A civil restraint order has been made against a man preventing him from making further claims against the police and prison service.

The appeal court said there was a real likelihood that Anthony Adenaike would make further claims and applications which are totally without merit.

And it ruled that a two-year restraint order was ’necessary, just and proportionate’ to protect the administration of justice from abuse.

Nigerian-born Mr Adenaike claimed he was victim to racially-aggravated assaults while an inmate in Jurby jail.

He was jailed in 2014 after being found guilty of assault and affray for throwing a jug of water over a judge at Douglas courthouse and having to be wrestled to the courtroom floor by advocates.

assaults

Mr Adenaike claimed he suffered serious injuries during the assaults in his prison cell in July 2014 as he was being moved to a segregation unit. He said he was humiliated by being stripped naked in the presence of a female prison officer.
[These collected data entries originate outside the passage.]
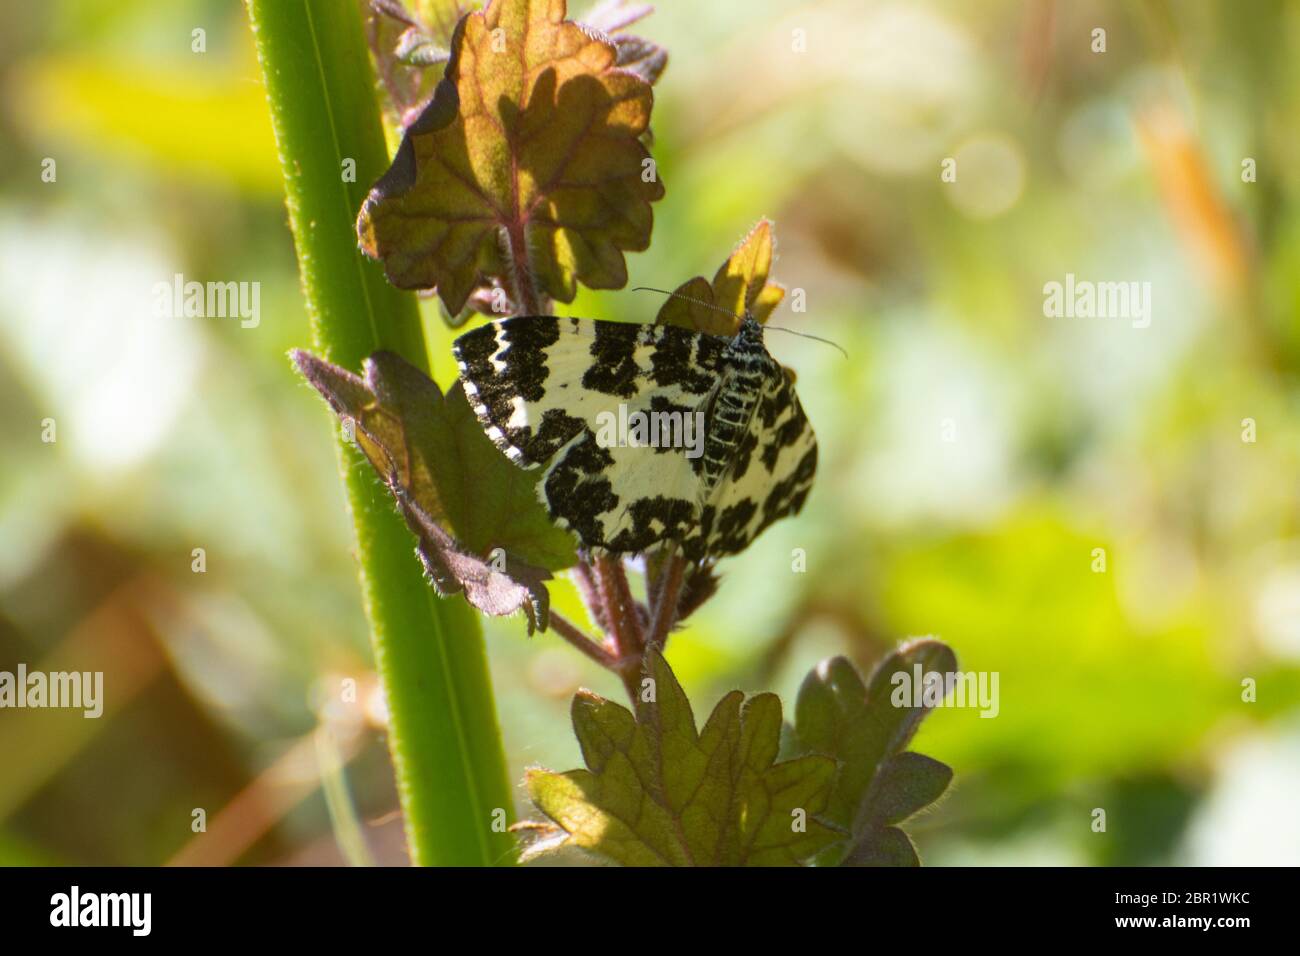 Argent and sable moth (Rheumaptera hastate), a day-flying moth of the family Geometridae with black and white markings, UK Stock Photo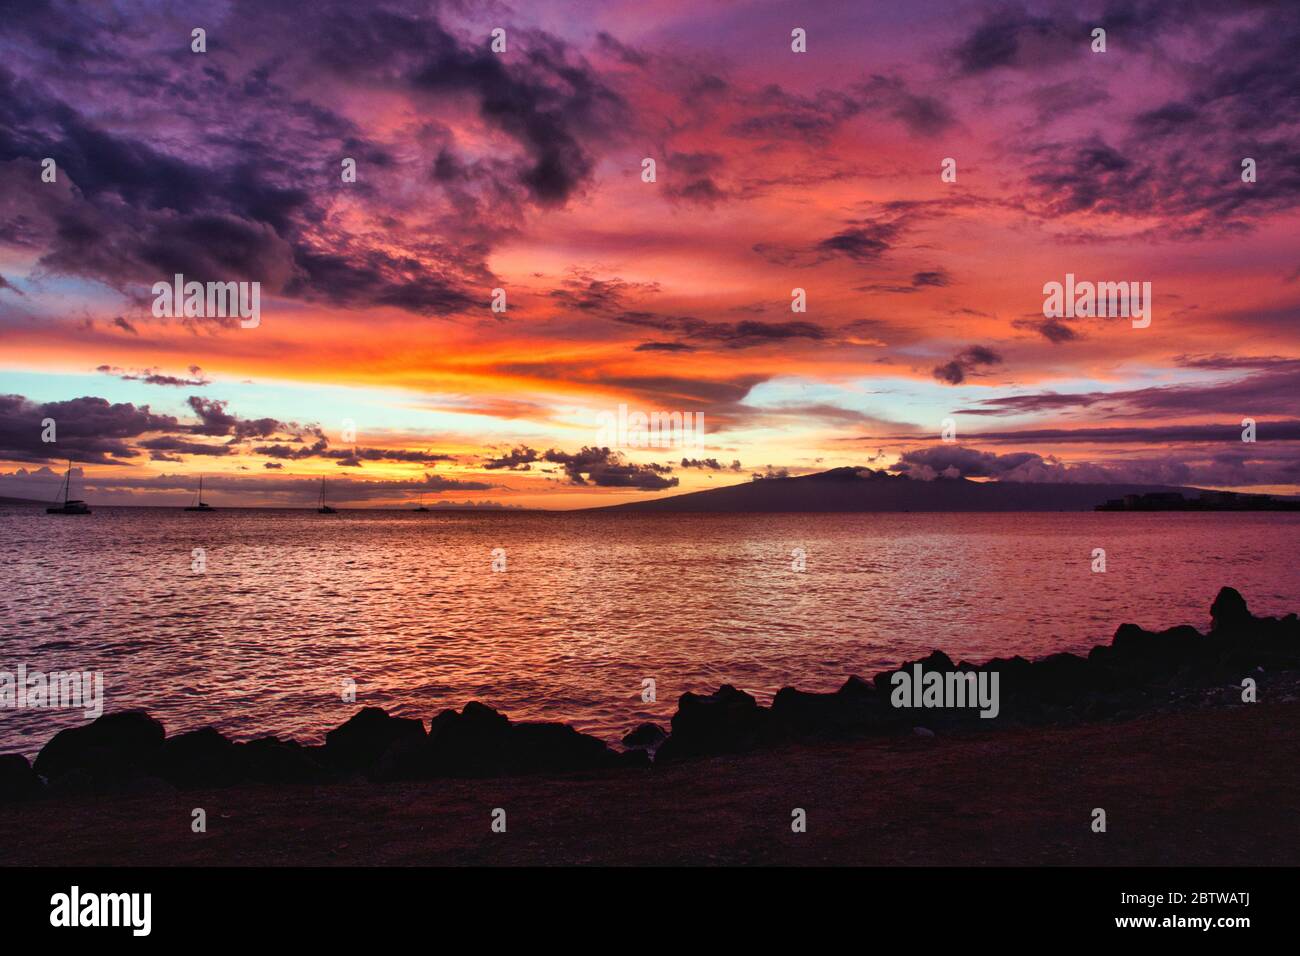 Amazing fiery sunset from the shores of Maui out to the nearby islands of Lanai and Molokai. Stock Photo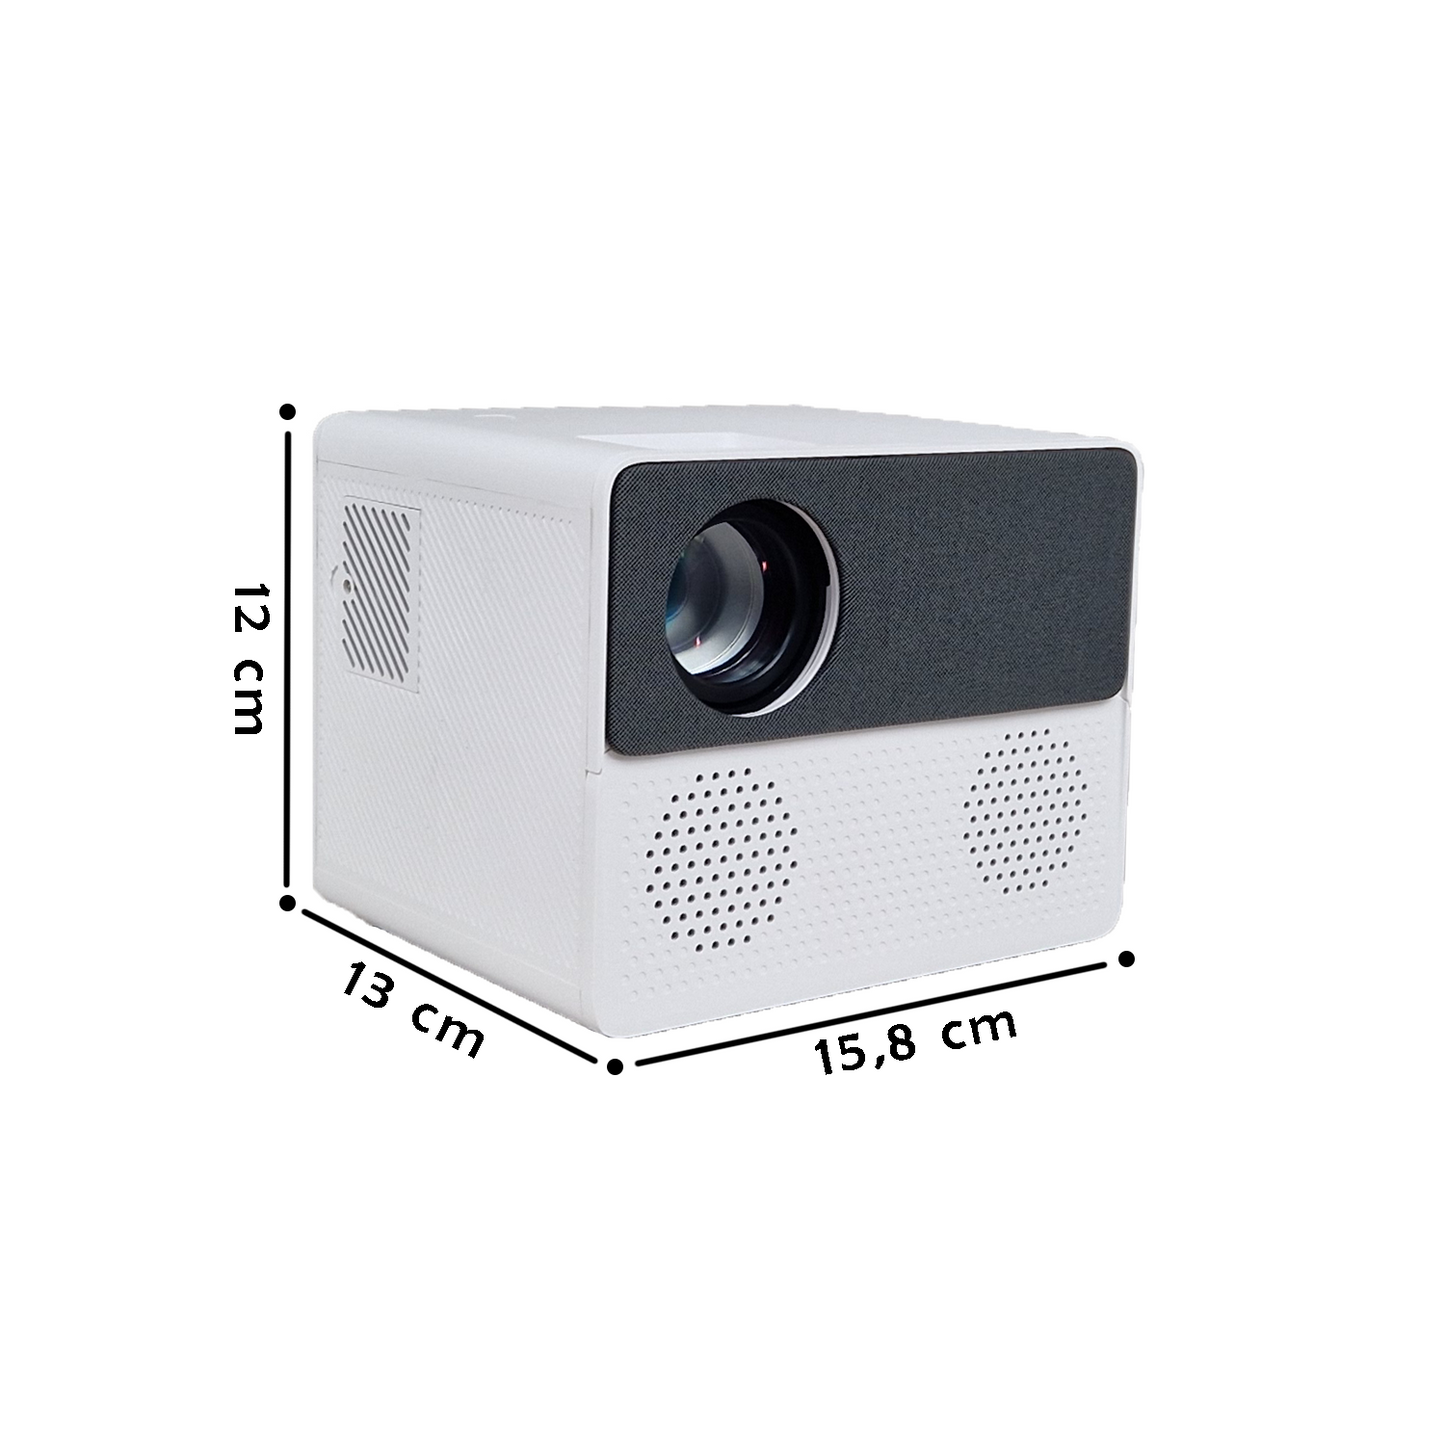 Portable projector with built-in speakers

And he said as a result of the assaults he has suffered continuing heart problems, chest and elbow pains, distress because the prison officer knelt on his chest, and also mental health problems.

Mr Adenaike sued for breaches of his human rights, alleging his complaint was not properly investigated because of his colour.

He also claimed he had been defamed by prison officers who he said had falsely complained that he had bitten one of the guards and squeezed his testicles.

But in June last year High Bailiff John Needham struck out the human rights claims against the Department of Home Affairs and the defamation claim.

However, Mr Adenaike was allowed to continue a claim he’d been assaulted by guards as well as a human rights claim against the police over their investigation.

Last month Judge of appeal Jeremy Storey QC and Deemster Andrew Corlett ruled that Anthony Adenaike’s appeal was ’totally without merit’.

The police argued his applications had been ’unduly lengthy, repetitive, vexatious and scurrilous’, and he had issued at least 10 without paying the necessary court fees.

For its part, the DHA argued his conduct amounts to an abuse of process and it called for an extended civil restraint order to be made.

Now the appeal court has granted that order for a period of two years saying this was a ’proportionate response’ to the level of risk of future unmeritorious proceedings.

It also ordered Mr Adenaike to pay costs of £7,000 to the DHA and £9,000 to cover the police’s legal costs, saying the appeal had been pursued in an ’utterly unreasonable’ way and was doomed to fail.